Common non-conformances in SDA audits
| Non-conformance area | Typical finding | Recommended fix |
|---|---|---|
| Worker screening | Expired clearances or gaps for contractors | Maintain a live register with expiry alerts; include contractors in scope |
| Restrictive practices | No NDIS Commission authorisation or no current behaviour support plan | Audit all current practices; engage a registered behaviour support practitioner |
| Incident reporting | Reportable incidents not notified within required timeframes | Implement a triage checklist to classify incidents at first report |
| Dwelling maintenance | No documented schedule or gaps in fire safety records | Create a property-specific maintenance log reviewed quarterly |
| Participant rights | Service agreements not updated after plan reviews | Trigger a service agreement review after every NDIS plan review |
The strengthened 2026 framework: what has changed
The NDIS Commission's strengthened framework introduces more explicit expectations around provider governance, including clearer accountability for boards and senior leaders, enhanced expectations for continuous quality improvement, and a stronger emphasis on participant experience as an audit outcome — not just documentary compliance. Providers should expect auditors to triangulate what policies say against what workers describe and what participants report. A policy that exists only on paper, not in practice, will not satisfy a 2026 audit.

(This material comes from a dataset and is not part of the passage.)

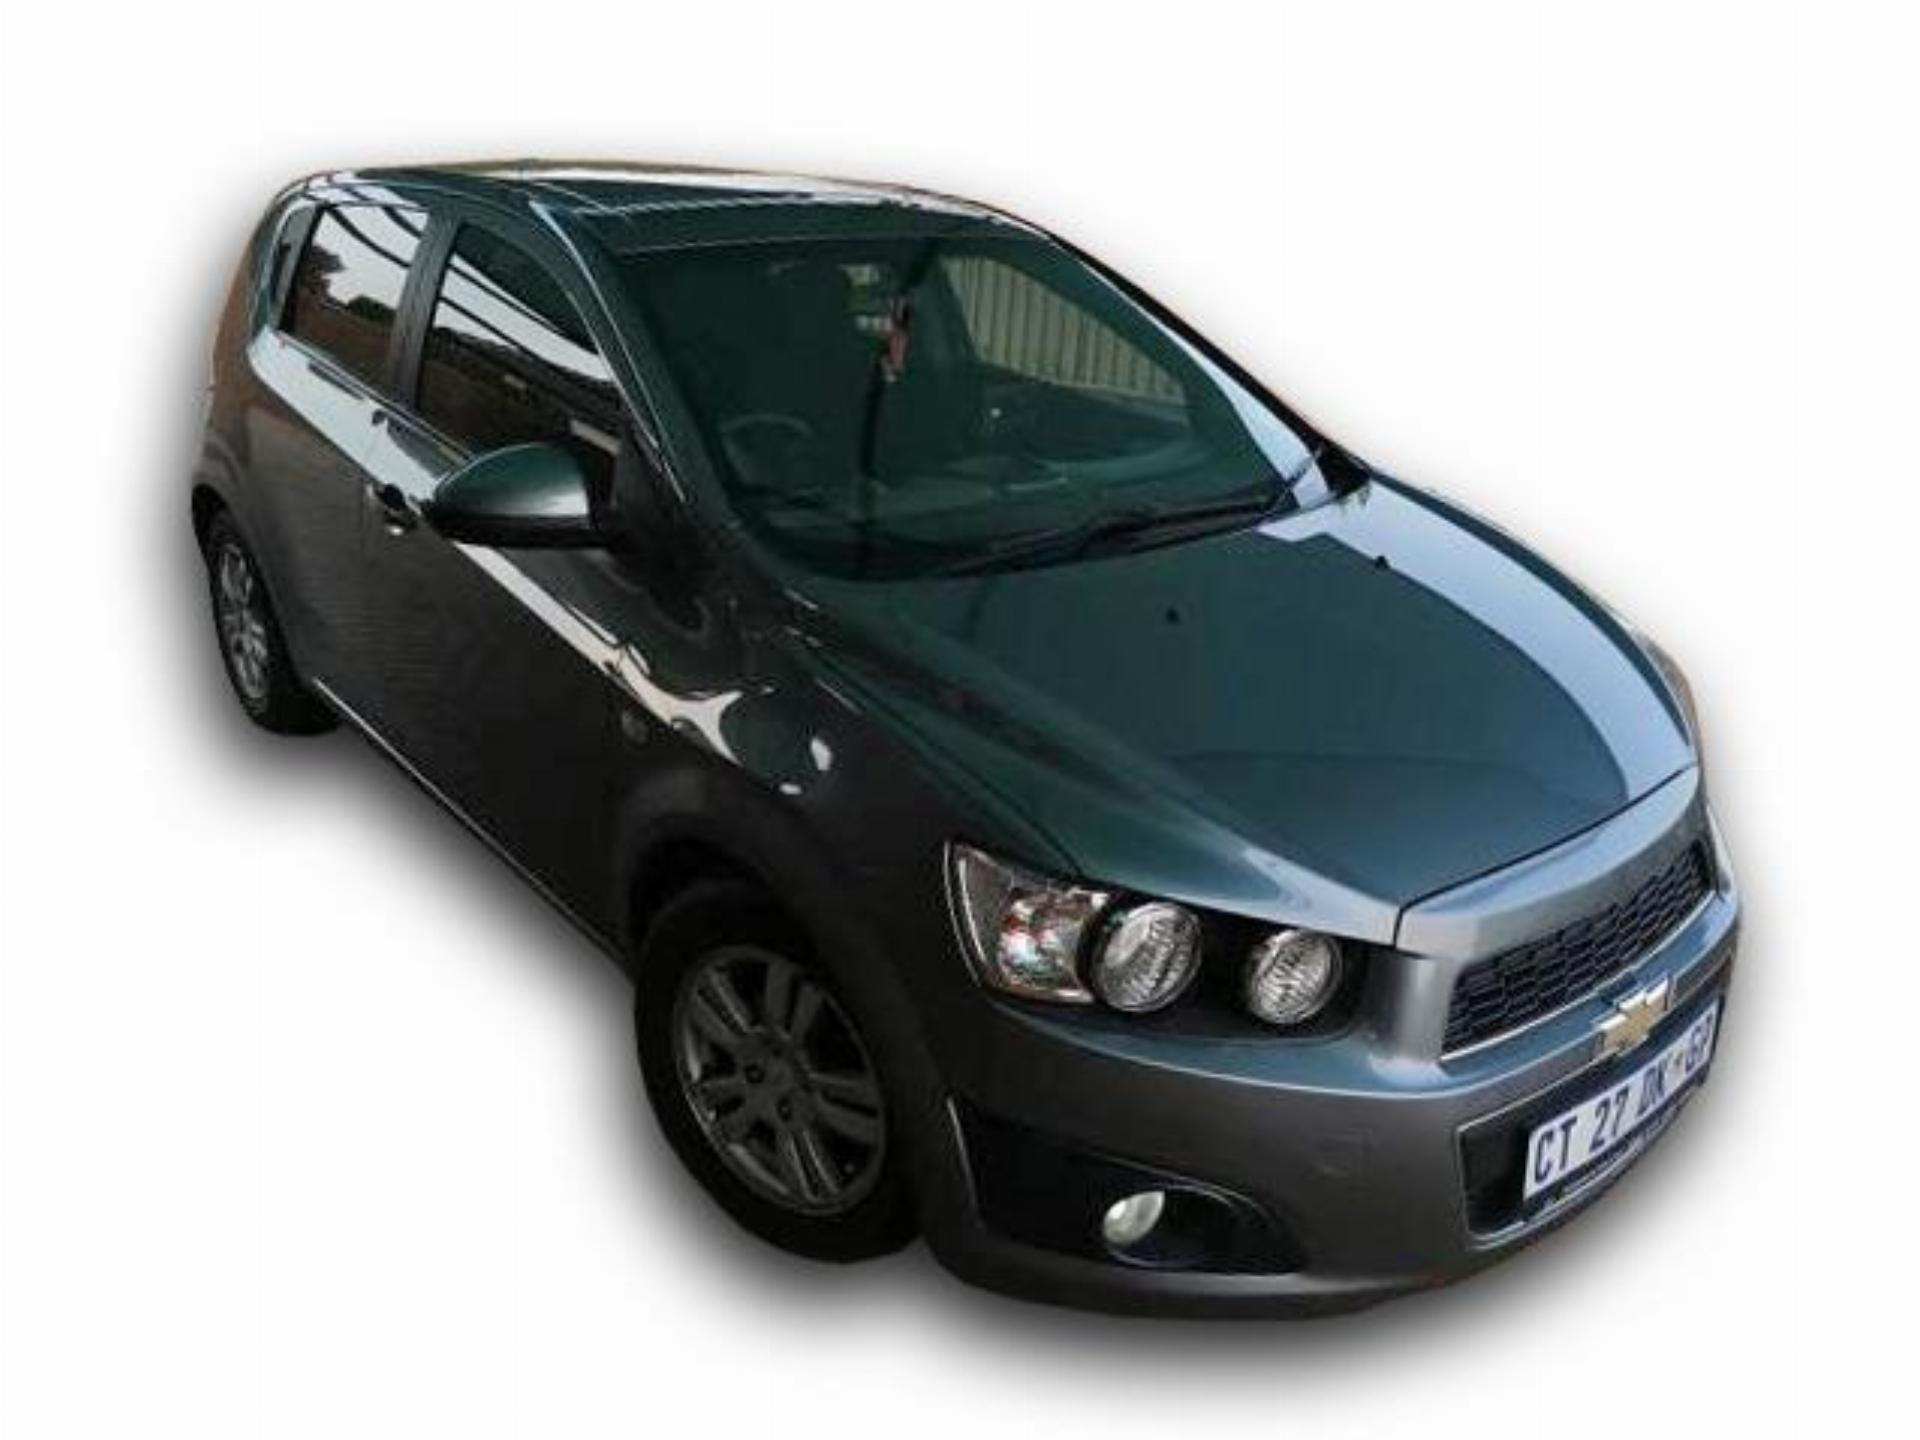 Chevrolet Sonic 1.4 LS 5DR

If your organisation is building or refreshing its compliance library ahead of registration renewal, ndiscompliant.com.au offers a 74-document audit-ready SIL compliance kit covering the core policy, procedure, and evidence templates required under the current Practice Standards.
Final checklist before your audit date
- All policies reviewed and version-controlled within the last 12 months
- Worker Screening Check register current for all risk-assessed roles
- Incident register complete with Commission notifications documented
- Complaints register up to date with outcomes recorded
- Restrictive practices authorised and tied to current behaviour support plans
- Dwelling maintenance and fire safety records compiled per property
- Service agreements current for all participants in SDA dwellings
- Staff briefed on audit process and interview expectations
- Internal mock audit completed and corrective actions closed out
- Self-assessment submitted to your approved quality auditor on time
Important: This article provides general guidance about NDIS compliance requirements. It is not legal or professional advice. Requirements may change as the NDIS Commission updates its policies and Practice Standards. Always verify current requirements with the NDIS Quality and Safeguards Commission or a registered NDIS consultant before making compliance decisions.